The sitemap is at the core of Cocoon. It's here that the web site developer configures the different Cocoon components, and defines the client–server interactions in what Cocoon refers to as the Pipelines.
The components within Cocoon are grouped by function.
Matchers are used to match user requests such as URLs or cookies against wildcard or regular expression patterns. Each user request is tested against matchers in the sitemap until a match is made. It is within a matcher that the response to a particular request is specified.
Generators create a stream of data for further processing. This stream can be generated from an existing XML document or there are generators that can create XML from scratch to represent something on the server, such as a directory structure or image data.
One type of generator is an XML Server Page (XSP), an XML document containing tag-based directives that specify how to generate dynamic content at request time. Upon Cocoon processing, these directives are replaced by generated content so that the resulting, augmented XML document can be subject to further processing (typically an XSLT transformation). XSPs are transformed into Cocoon producers, typically as Java classes, though any scripting language for which a Java-based processor exists could also be used.
Directives can be either built-in ("XSP") or user-defined processing tags, both of which are defined in logicsheets. Tags are defined using XSLT templates that describe how the tags (represented as XML nodes) are transformed into other XML nodes or into procedural code such as Java. The tags are used to embed procedural logic, substitute expressions, retrieve information from the web server environment, and other operations.
Note that XSP is deprecated in recent releases of Cocoon.
Transformers take a stream of data and change it in some way. The most common transformations are performed with XSLT to change one xml format into another. But there are also transformers that take other forms of data (SQL commands for example).
A serializer turns an XML event stream into a sequence of bytes (such as HTML) that can be returned to the client. There are serializers that allow you to send the data in many different formats including HTML, XHTML, PDF, RTF, SVG, WML and plain text, for example.

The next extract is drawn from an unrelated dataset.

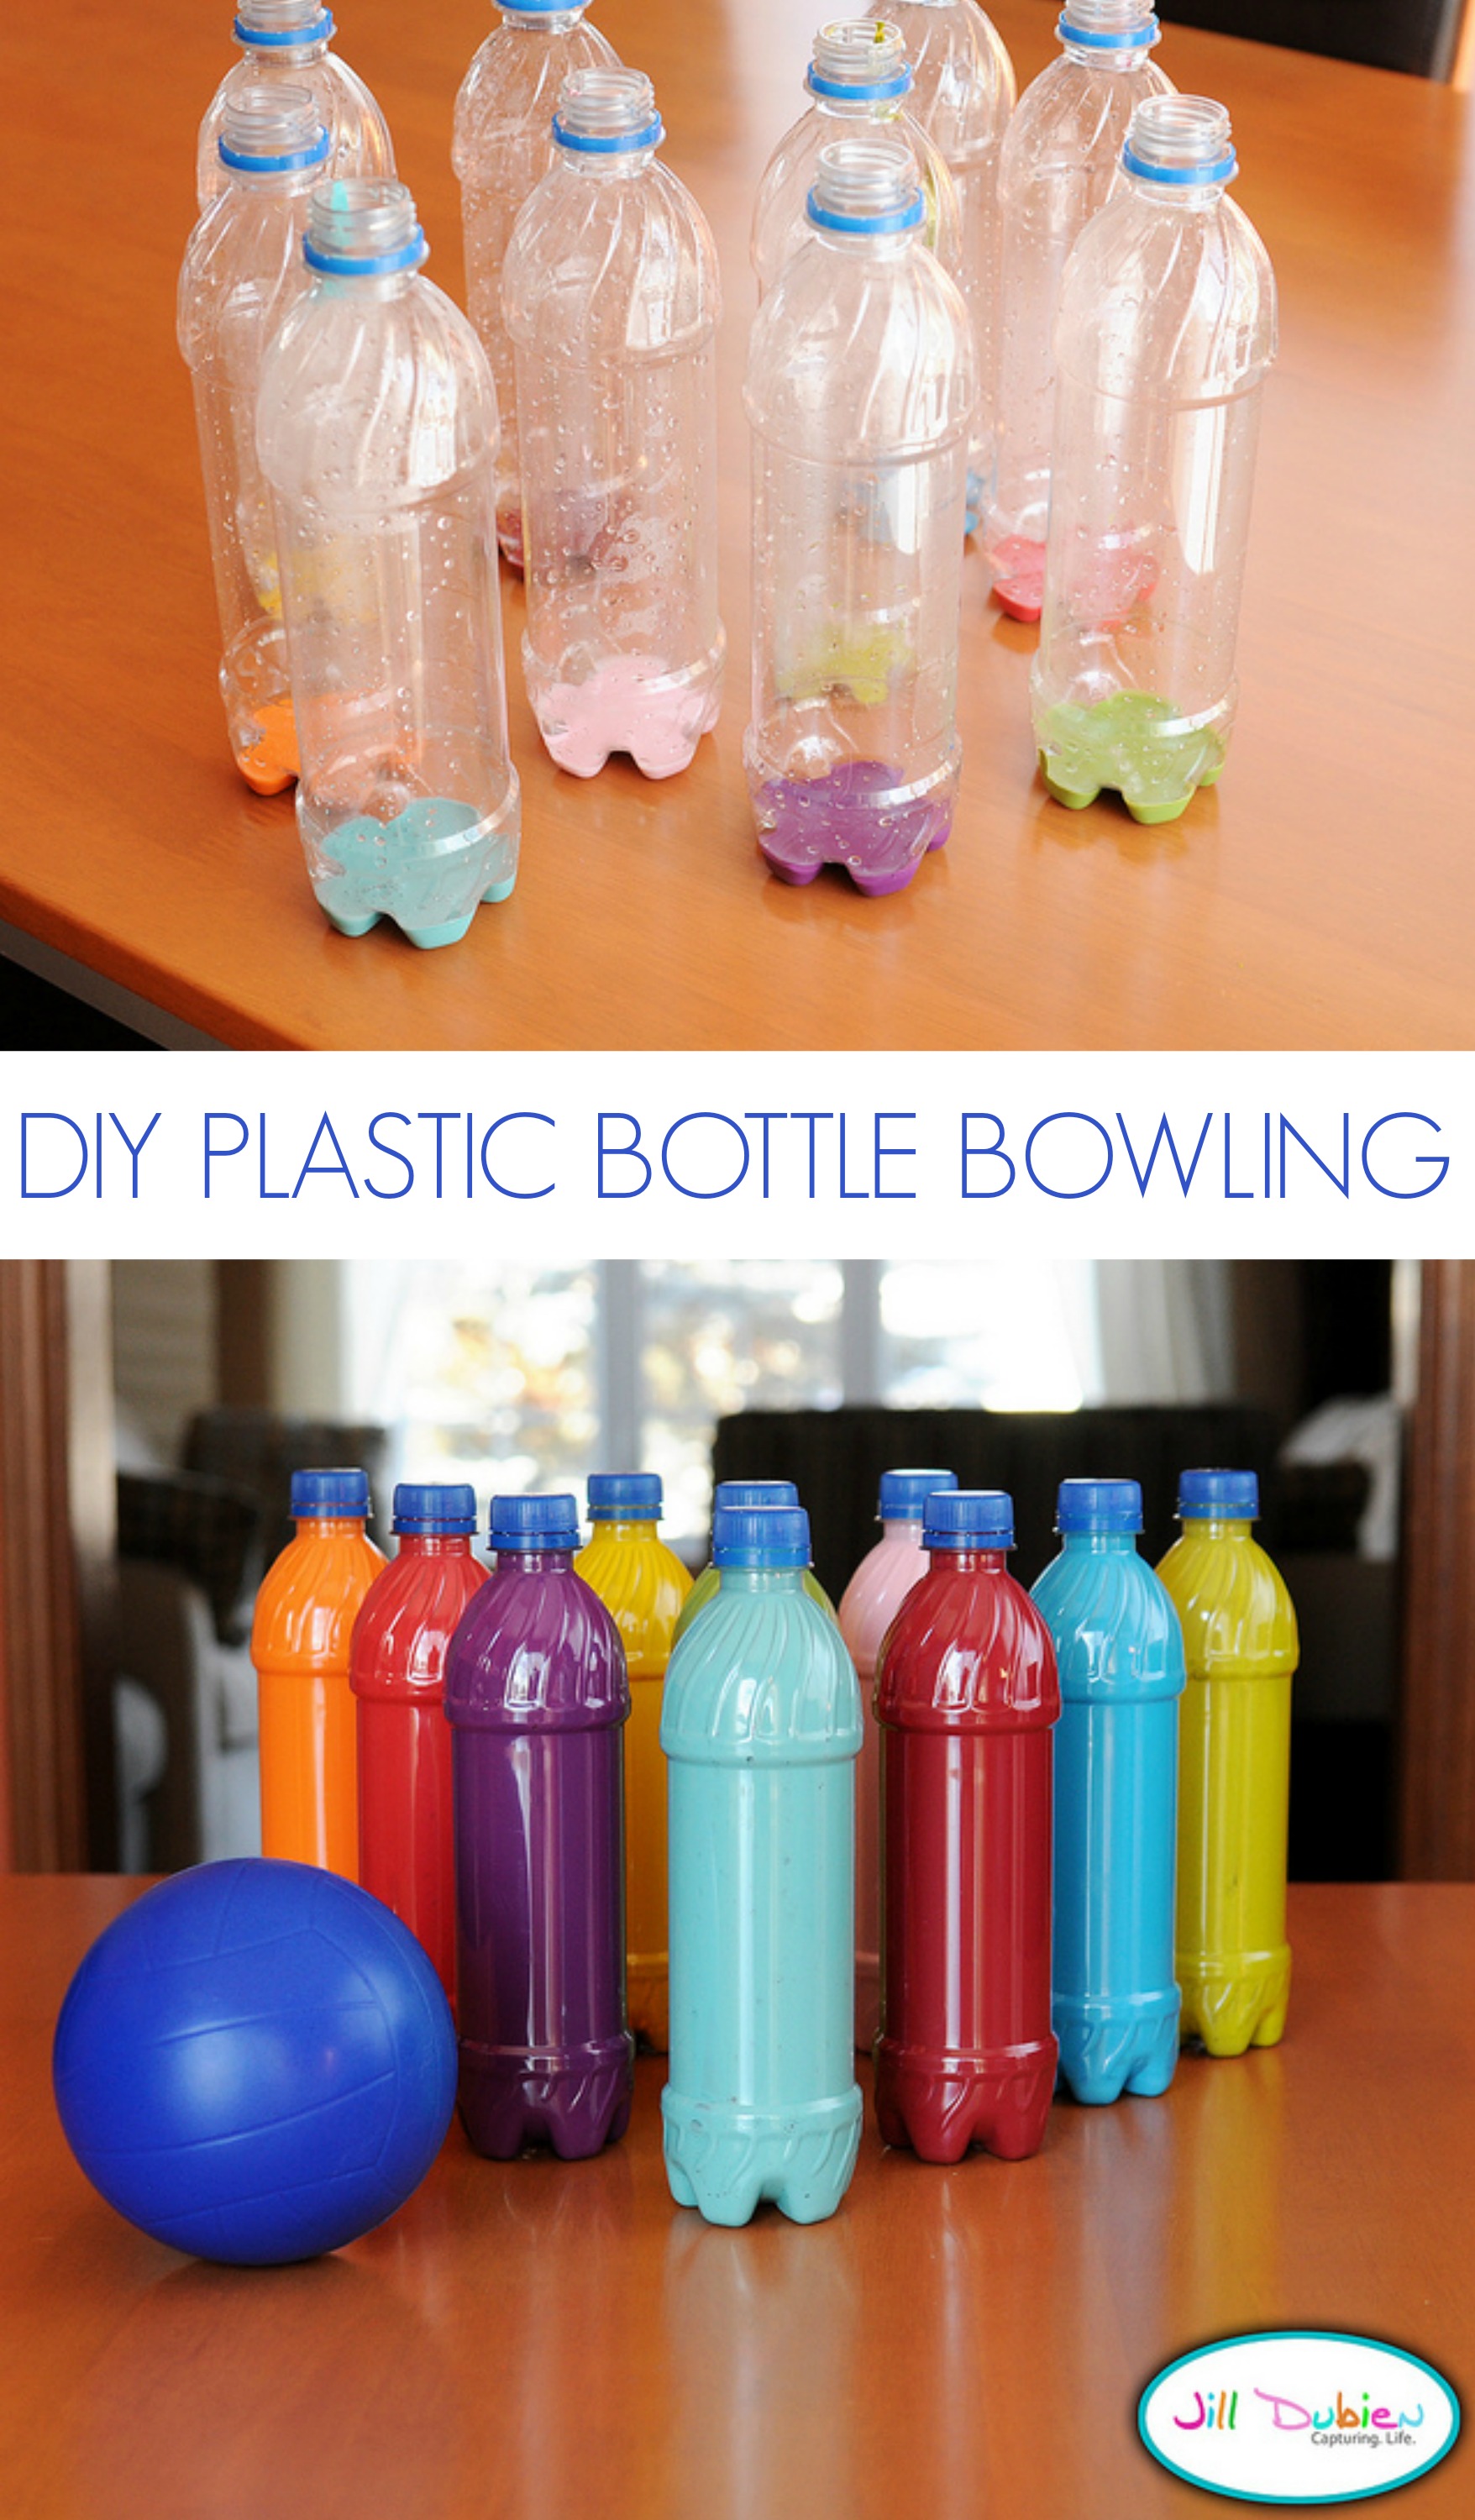 Turn water bottle into a fun bowling game for the kids!!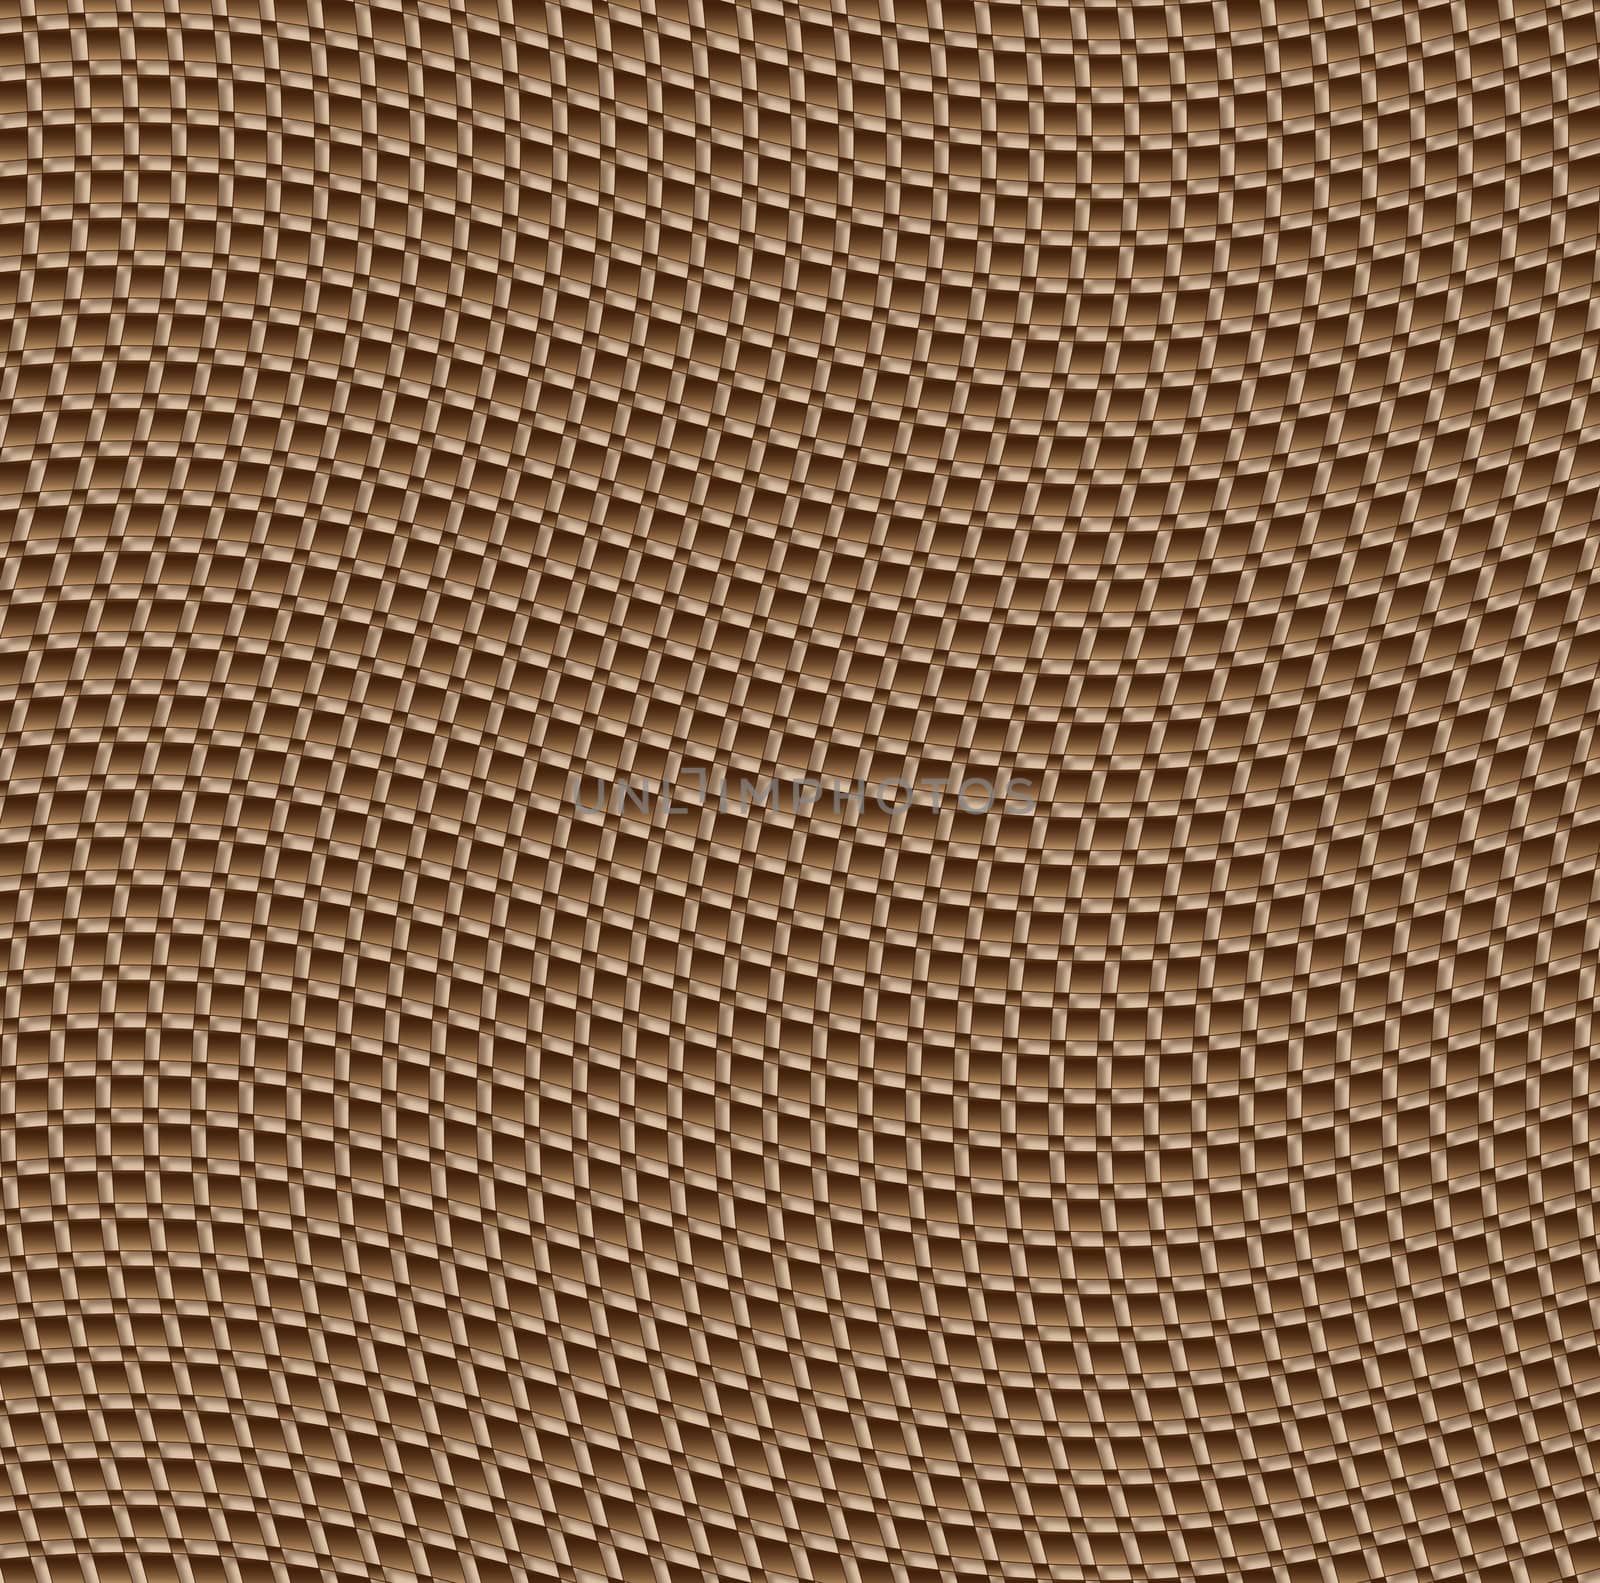 background or texture chocolate brown color grid

Selectors offer the same capabilities as a switch statement. They are able to select particular elements of a request and choose the correct pipeline part to use.
Views are mainly used for testing. A view is an exit point in a pipeline. You can put out the XML-Stream which is produced till this point. So you can see if the application is working right.
Publish content without parsing it (no XML processing). Used for images and such.
Actions are Java classes that execute some business logic or manage new content production.
A pipeline is used to specify how the different Cocoon components interact with a given request to produce a response. A typical pipeline consists of a generator, followed by zero or more transformers, and finally a serializer.